Die “böse Fratze” des deutschen Antisemitismus – Jens-Christian Wagner hätte nicht für möglich gehalten, dass sie sich heute wieder so zeigt. Bischof Neymeyr empfiehlt, aktuelles jüdisches Leben bei uns mehr wahrzunehmen.

Aufklärung über Judenhass ist nach Ansicht des Buchenwald-Gedenkstätten-Chefs Jens-Christian Wagner auch Aufgabe der Kirchen. “Sie sind aufgefordert, Bildung über historischen kirchlichen Antisemitismus und Antijudaismus zu vermitteln, um damit für heutigen Antisemitismus zu sensibilisieren”, sagte er am Donnerstag auf dem Katholikentag in Erfurt. Ausdrücklich dankte er den Kirchen, dass sie sich in der gegenwärtigen Situation so klar gegen Antisemitismus positionierten und auch dienstrechtliche Konsequenzen zögen.

Die “böse Fratze” des deutschen Antisemitismus zeige sich inzwischen wieder in solch einer Weise, wie er es vor drei, vier Jahren nicht für möglich gehalten habe, sagte der Direktor der Stiftung Gedenkstätten Buchenwald und Mittelbau-Dora. “Wir alle müssen Geschichtsbewusstsein ganz oben auf die Agenda setzen.” Wichtig sei auch, antisemitische Chiffren zu kennen, etwa wenn heutzutage wieder von Brunnenvergiftern, Kindermördern oder Ritualmord gesprochen werde. Mitunter kämen diese Chiffren auch in sprachlich modernerem Gewand daher: “Mit ‘globalistischen Eliten’ sind nichts anderes als Juden gemeint”, so der Historiker.

Der Erfurter Bischof Ulrich Neymeyr ergänzte: “Es ist auch wichtig, aktuelles jüdisches Leben in Deutschland zu kennen. Gehen Sie doch mal an einem Freitagabend zu einer Sabbat-Eröffnung.” Viele Menschen in Deutschland würden gar keine Juden persönlich kennen. “Wenn Juden hier sagen, dass sie sich in Deutschland nicht mehr sicher und zuhause fühlen, dann muss uns das erschrecken”, mahnte der Beauftragte der Deutschen Bischofskonferenz für die religiösen Beziehungen zum Judentum.

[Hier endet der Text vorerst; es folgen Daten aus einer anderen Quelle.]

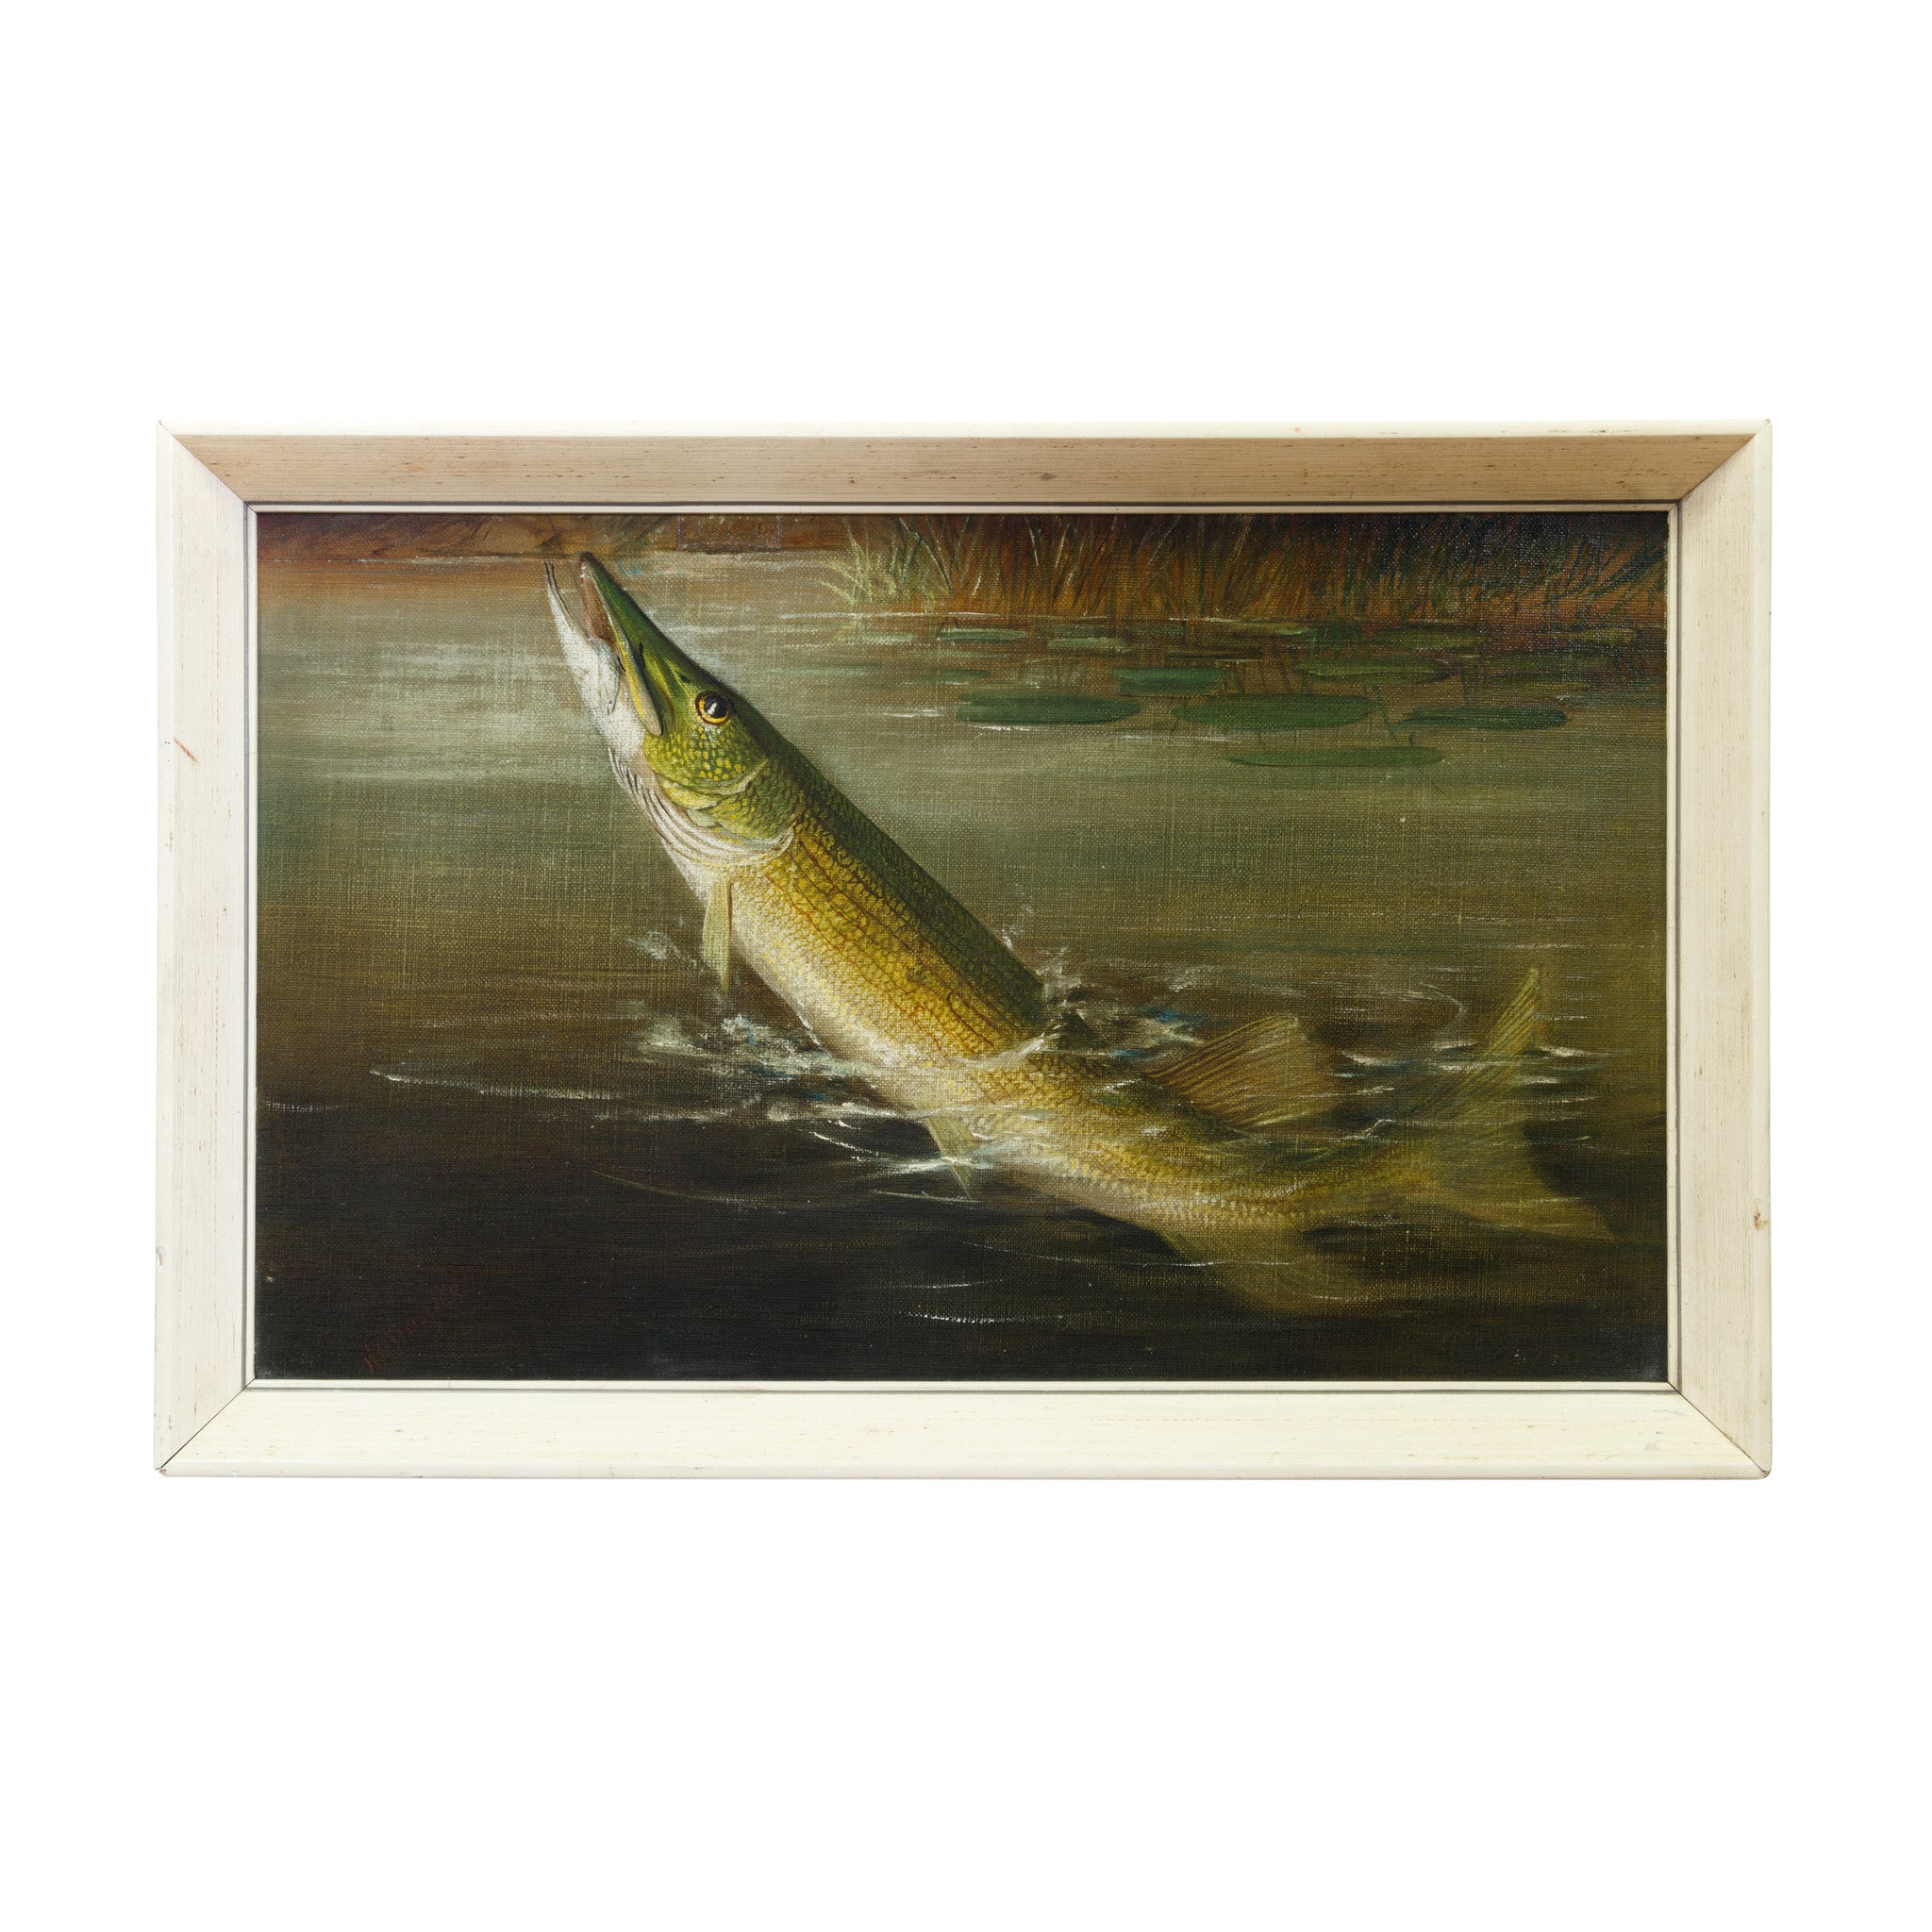 Hooked Pickerel by H.A. Driscole

Als eine der größten Herausforderungen für die Kirchen bezeichnete Neymeyr die historischen antijüdischen Schmähdarstellungen an vielen christlichen Gotteshäusern. Aus verschiedenen Gründen halte er es nicht für sinnvoll, die Darstellungen zu verhüllen oder abzuschleifen: “So einfach kann man sich nicht von seiner Geschichte verabschieden.” Ein guter Weg der Aufklärung und Auseinandersetzung damit könne etwa über künstlerische Gegendarstellungen gefunden werden.